Dec. 3, 2009 | Plenary session (Chamber of representatives)

Full source


Rapporteur Hilde Vautmans

Mr. Speaker, Mr. Speaker, Mr. Speaker, Mr. Speaker, Mr. Speaker, Mr. Speaker, Mr. Speaker, Mr. Speaker, Mr. Speaker, Mr. Speaker, Mr. Speaker, Mr. Speaker, Mr. Speaker, Mr. Speaker, Mr. Speaker, Mr. Speaker, Mr. Speaker, Mr. Speaker, Mr. Speaker, Mr. Speaker, Mr. Speaker, Mr. Speaker, Mr. Speaker, Mr. Speaker, Mr. Speaker of the Committee. Then I will briefly defend the position of our group.

The Foreign Relations Committee discussed the draft law at its meeting of 17 November 2009. An introductory presentation was given by the then Minister of Foreign Affairs, Yves Leterme.
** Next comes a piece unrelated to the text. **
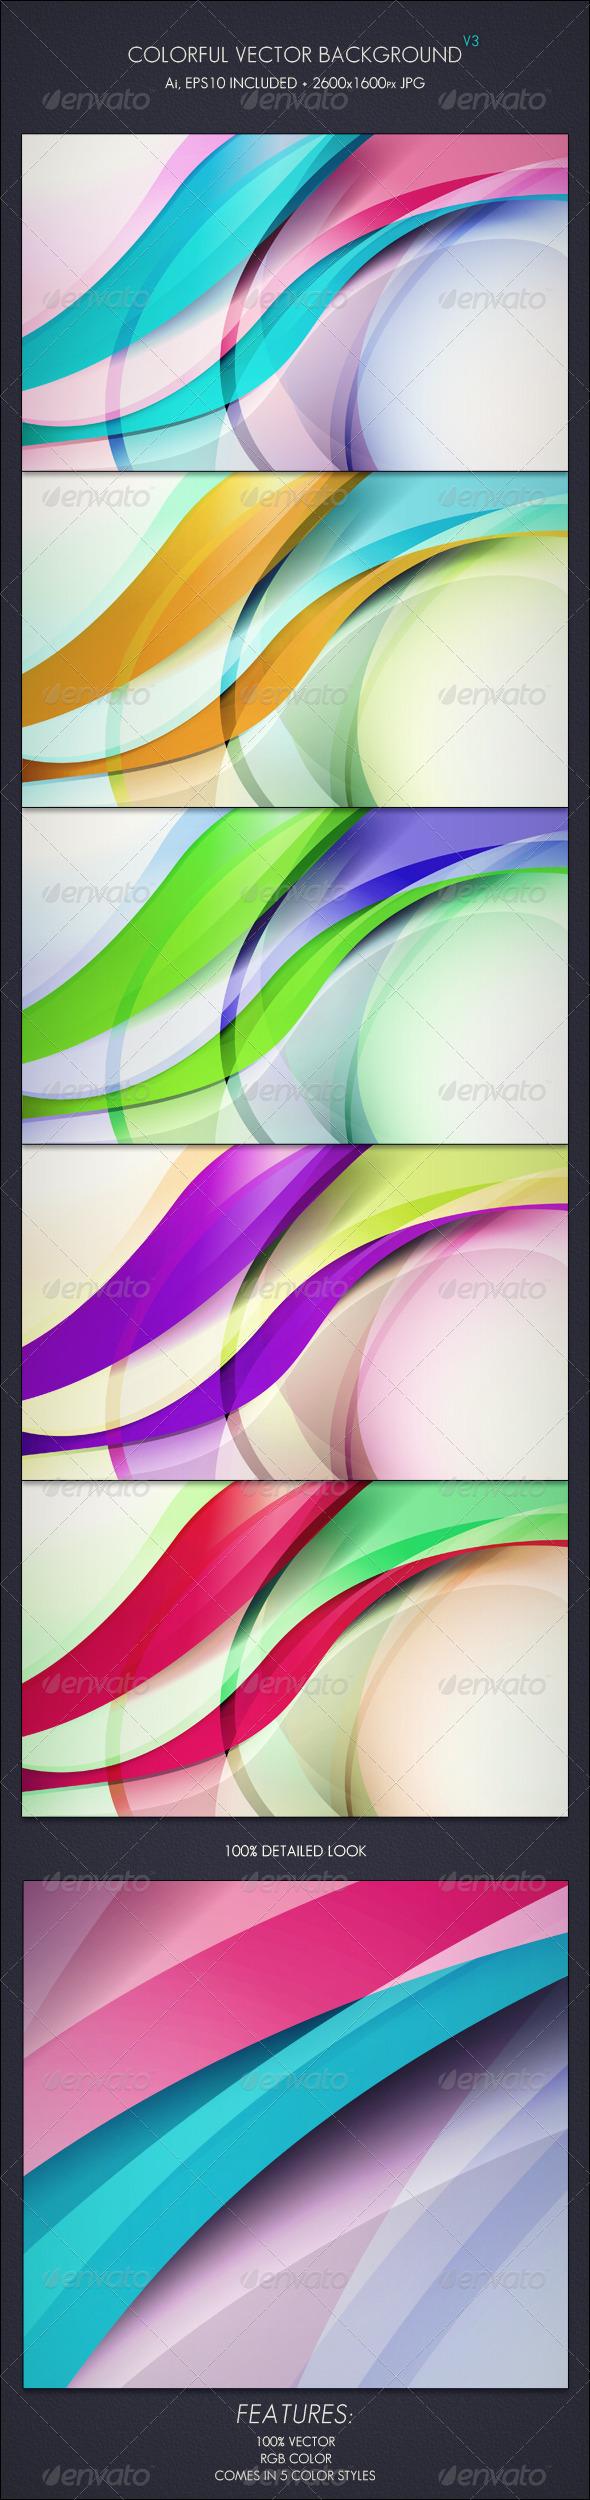 Colorful Vector Background V3 - Backgrounds Decorative

He clearly highlighted the strengths of the treaty.

All those present at the committee meeting will confirm that the discussion was very brief and unanimous. Everyone agreed that Belgium, more specifically the Chamber and Senate, played a leading role in the present case. Everyone was very pleased with the imminent ratification of the treaty.

The bill was unanimously adopted in the committee.

As far as the report is concerned.

I would like to start my discussion with a story, in particular the story of Ayat Seleiman Ali.

She was eight years old in 2003, when Iraq was bombed. Her eleven-year-old brother Jacob ran out after one of the many bombings that Iraq hit at that time. Jacob found a yellow toy. It looked like a bell, as the schoolboy used in the classroom. He took the pride home and showed it to his two brothers of fifteen and three years old and to his sister Ayat. Then the explosion occurred and in a blow Ayat had lost her two brothers. She had burned 65% of her body.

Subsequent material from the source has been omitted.